## What this task involves:
The lines to copy run from the one containing "Clay in motion" to the end of the listing. Please write them out exactly, minus the pictures.

## Stored data:
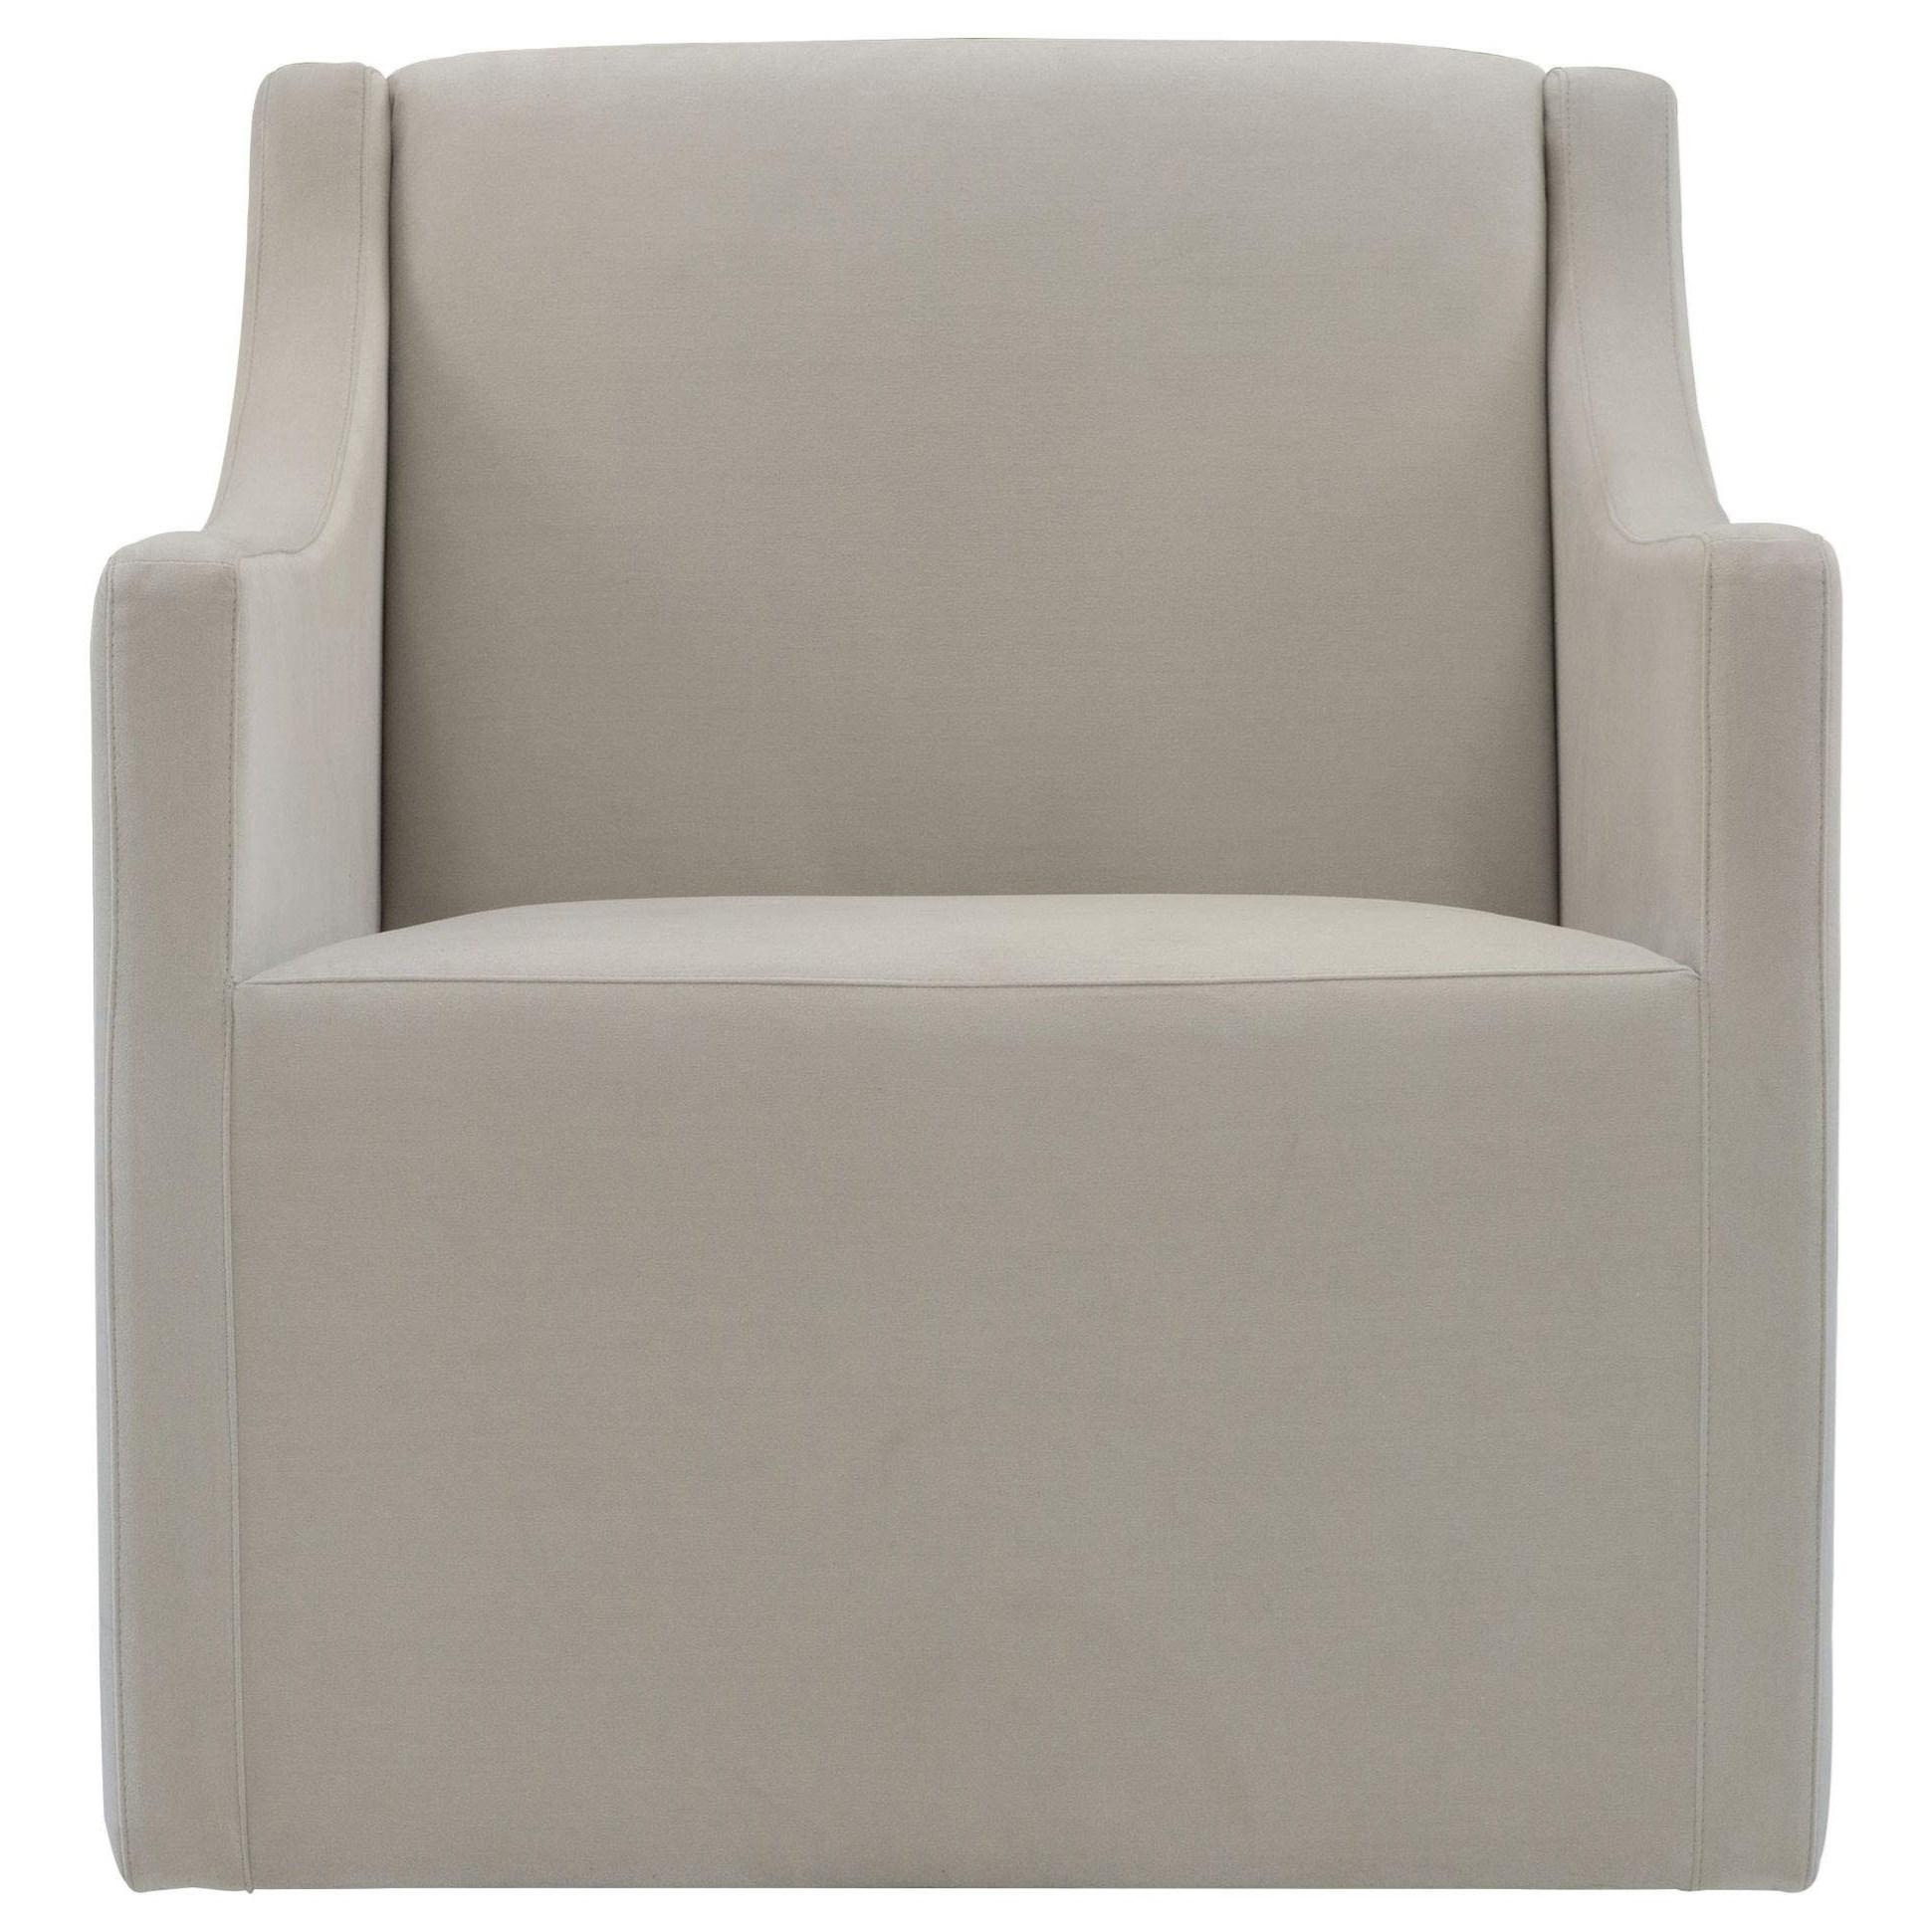 Loft - Highland Park Elle Swivel Chair by Bernhardt at Baer's Furniture
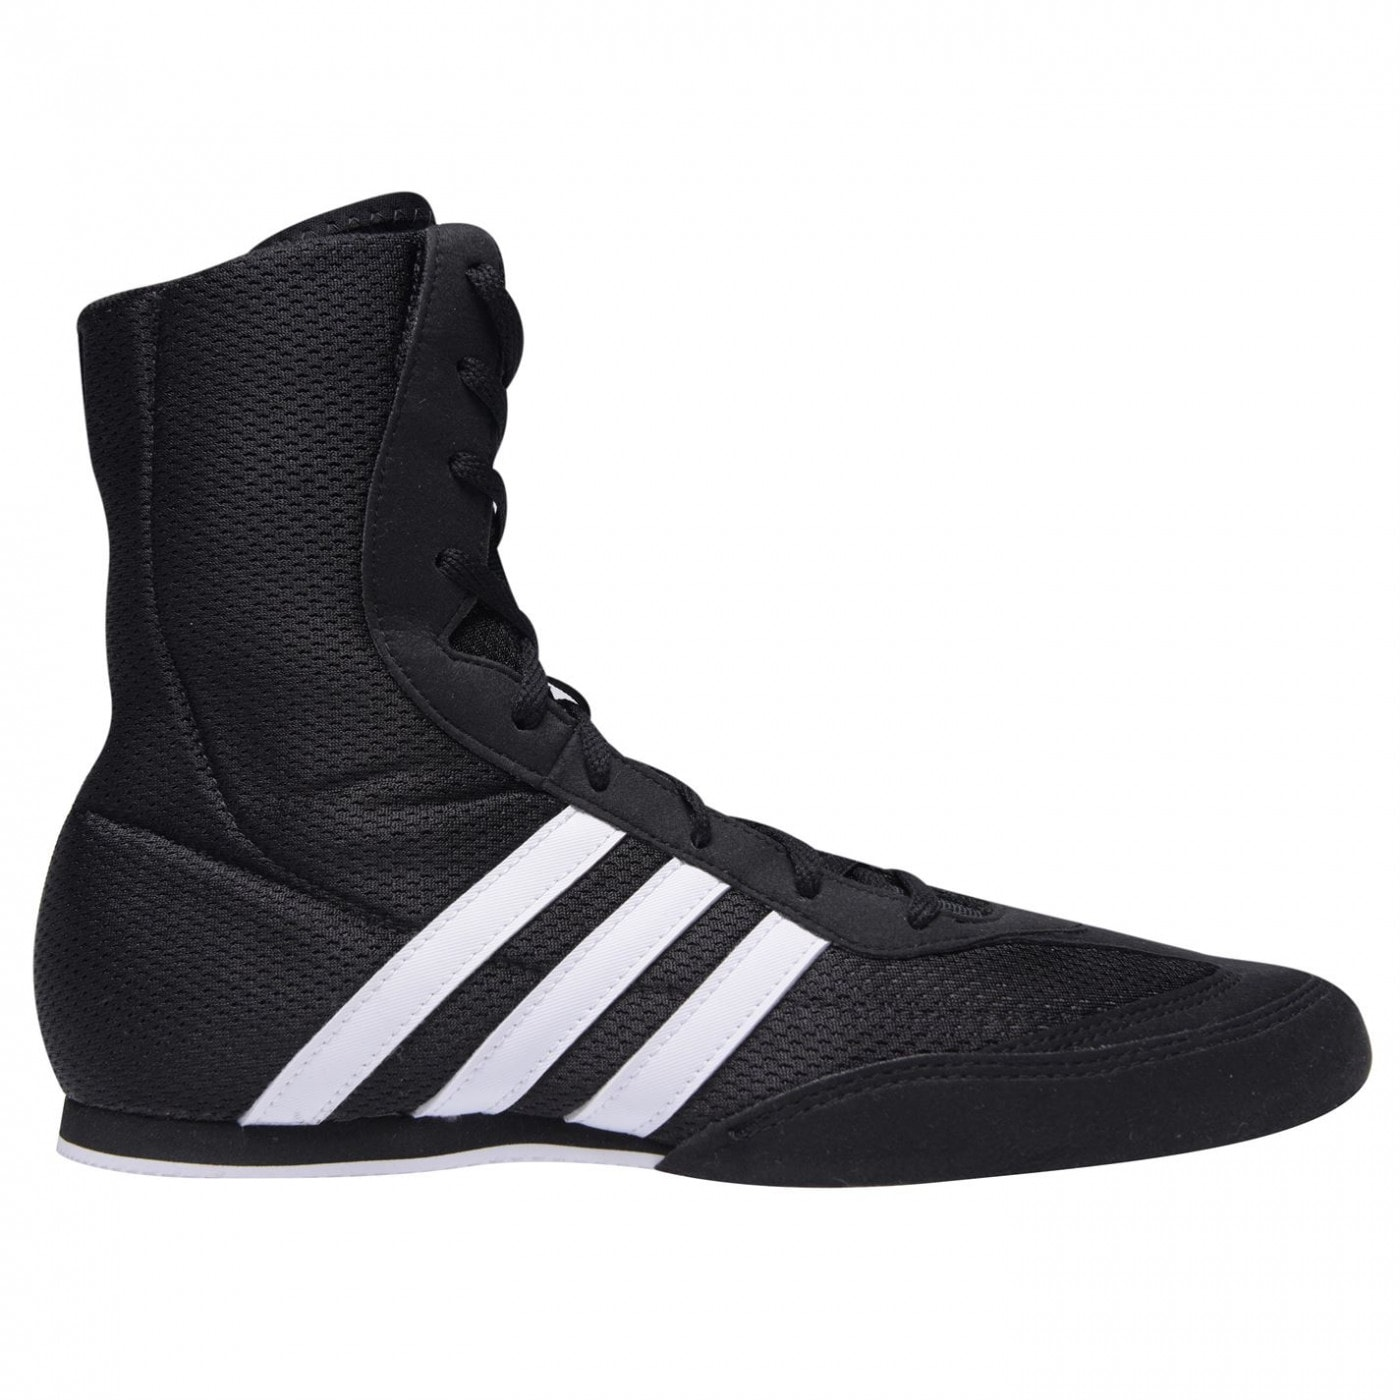 Adidas Box Hog2 BootSn00
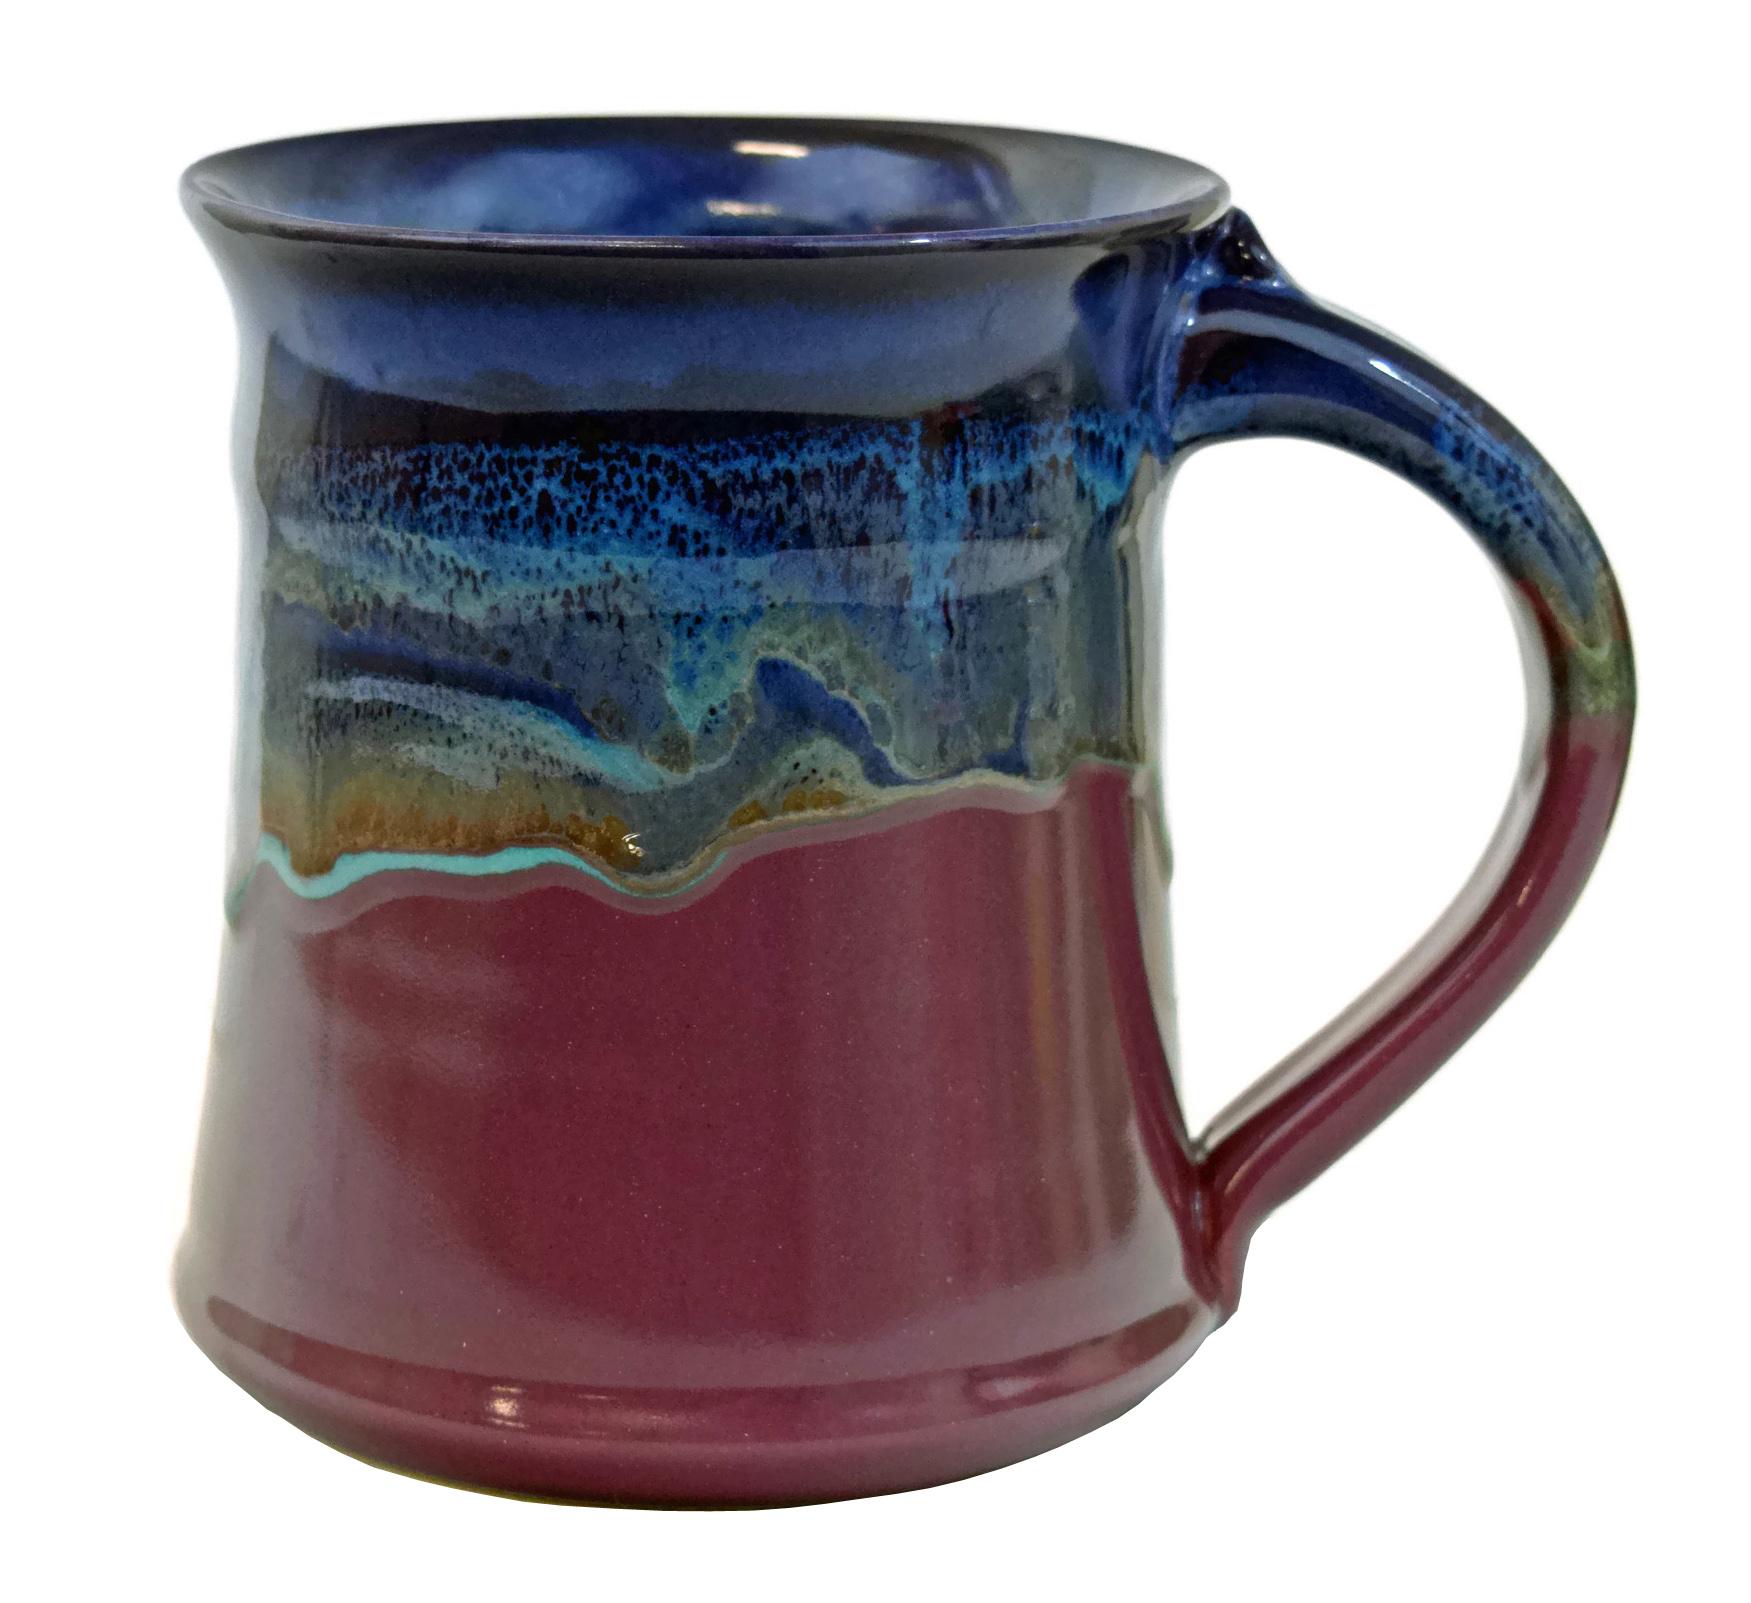 Clay in motion handmade ceramic medium mug coffee cup 16oz for Passion coffee
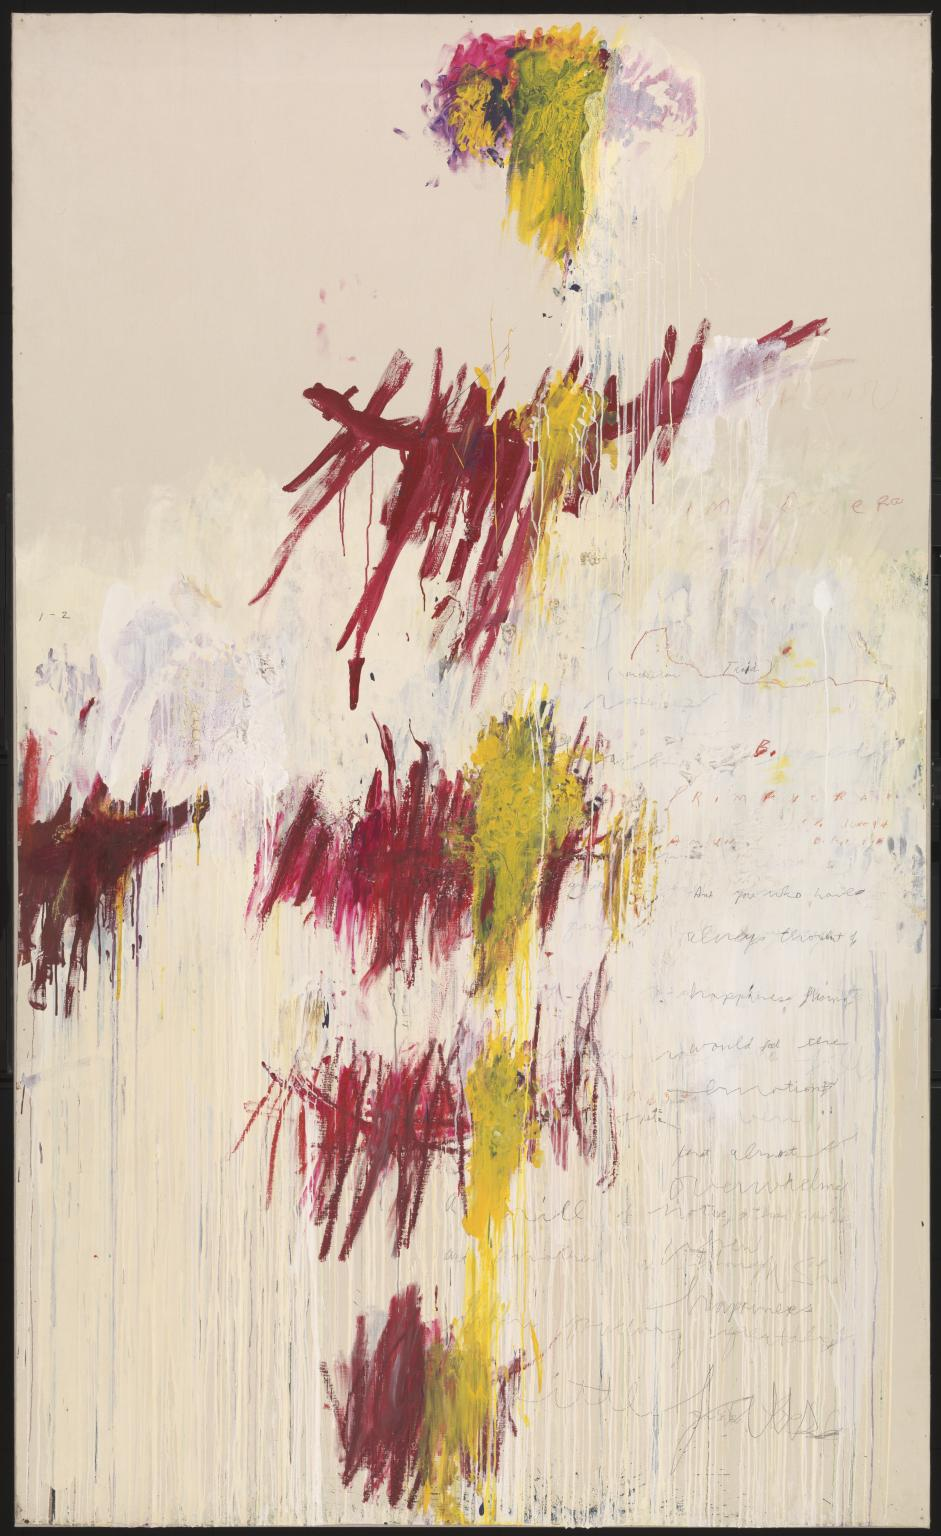 Quattro Stagioni: Primavera 1993-5 by Cy Twombly 1928-2011

## Completed exercise:
 Clay in motion handmade ceramic medium mug coffee cup 16oz for Passion coffee
 Quattro Stagioni: Primavera 1993-5 by Cy Twombly 1928-2011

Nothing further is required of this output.